Of course, this behavior on the side of American opinion leaders was juvenile or worse—it reflected primitive demagoguery. The French position was that U.S. intelligence did not sustain its case about WMDs in Iraq (which, by the way, is now established as the inescapable truth). But the French had also had their fill of colonial adventurism in the Middle East and had no interest in any more. Notwithstanding these considerations, however, France was actually very close to the U.S. position in the war on terror—eager to cooperate with the U.S. and accepting of U.S. tactics employed. In fact, among the continental European powers, none has proved quite so close to Bush and his approach in waging a war on terror.
What was gained by the cries of “Freedom Fries” and the taunts of “cheese-eating surrender monkeys”? Nothing. And much was lost.
America marks its revolution on July 4, and France does the same ten days later.
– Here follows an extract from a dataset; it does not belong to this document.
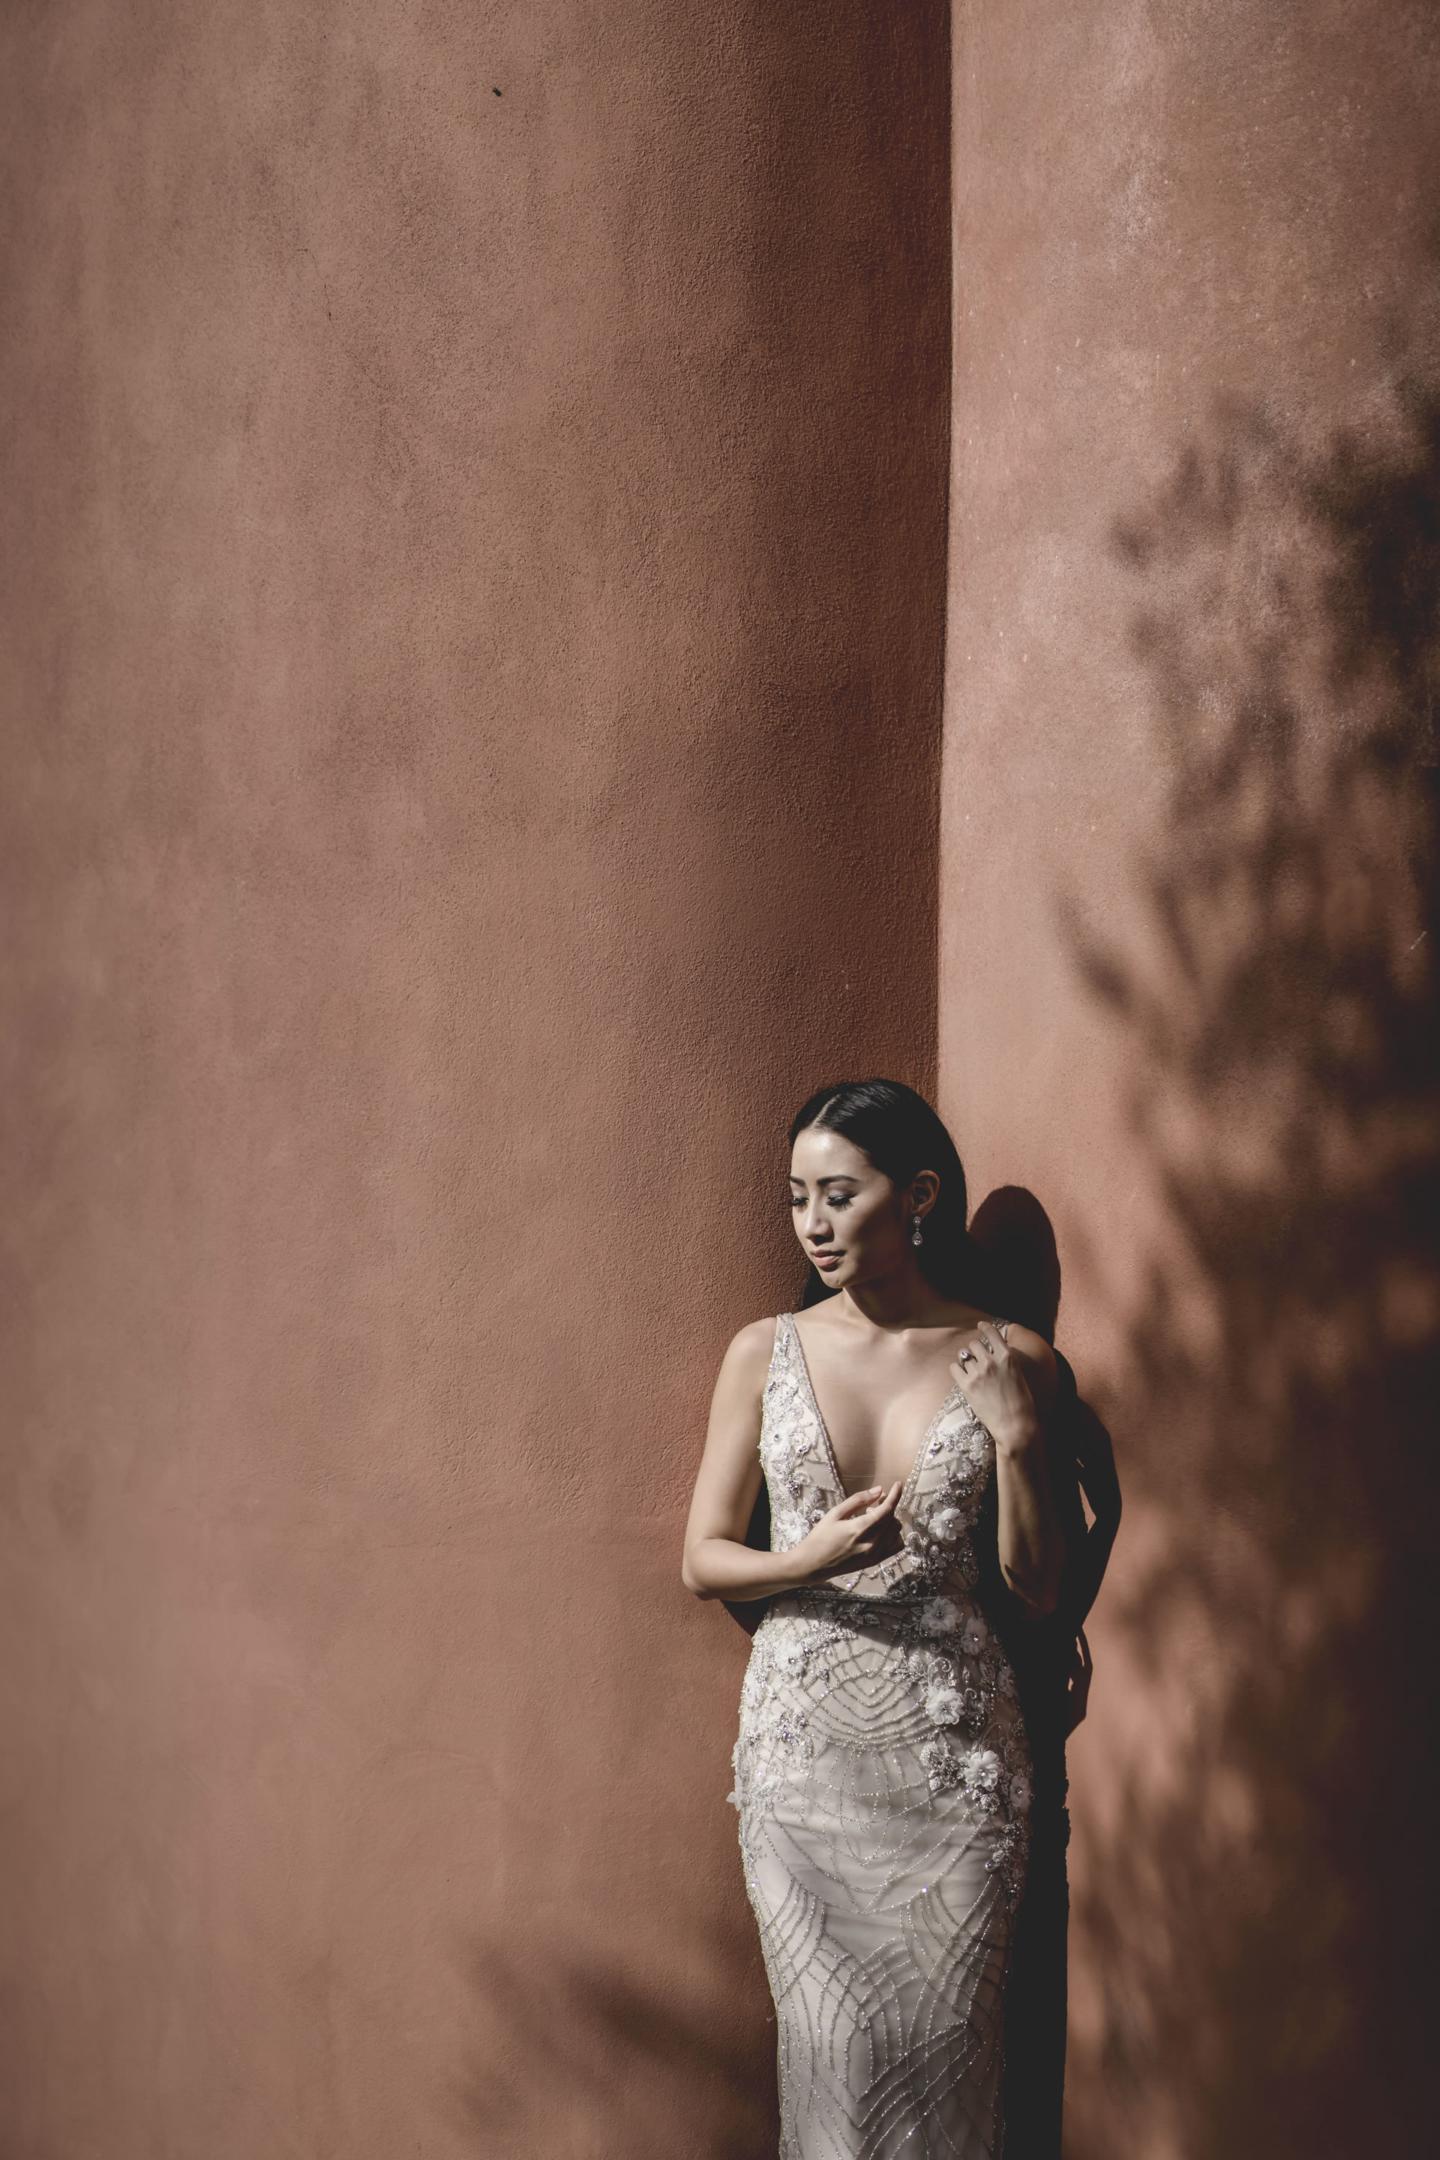 Bride portrait: when beauty comes from happiness :: Bride's portrait: when beauty comes from happiness :: Luxury wedding photography - 18 :: Bride portrait: when beauty comes from happiness

This proximity on the calendar is important for many reasons, because these two revolutions and the messages they brought to the world were dependent, one upon the other. The Founding Fathers fully appreciated that America’s independence was won with the protection and support of France. And after it was won, the generation-long military struggle between France and Britain allowed America to consolidate its independence and make it not ephemeral but permanent.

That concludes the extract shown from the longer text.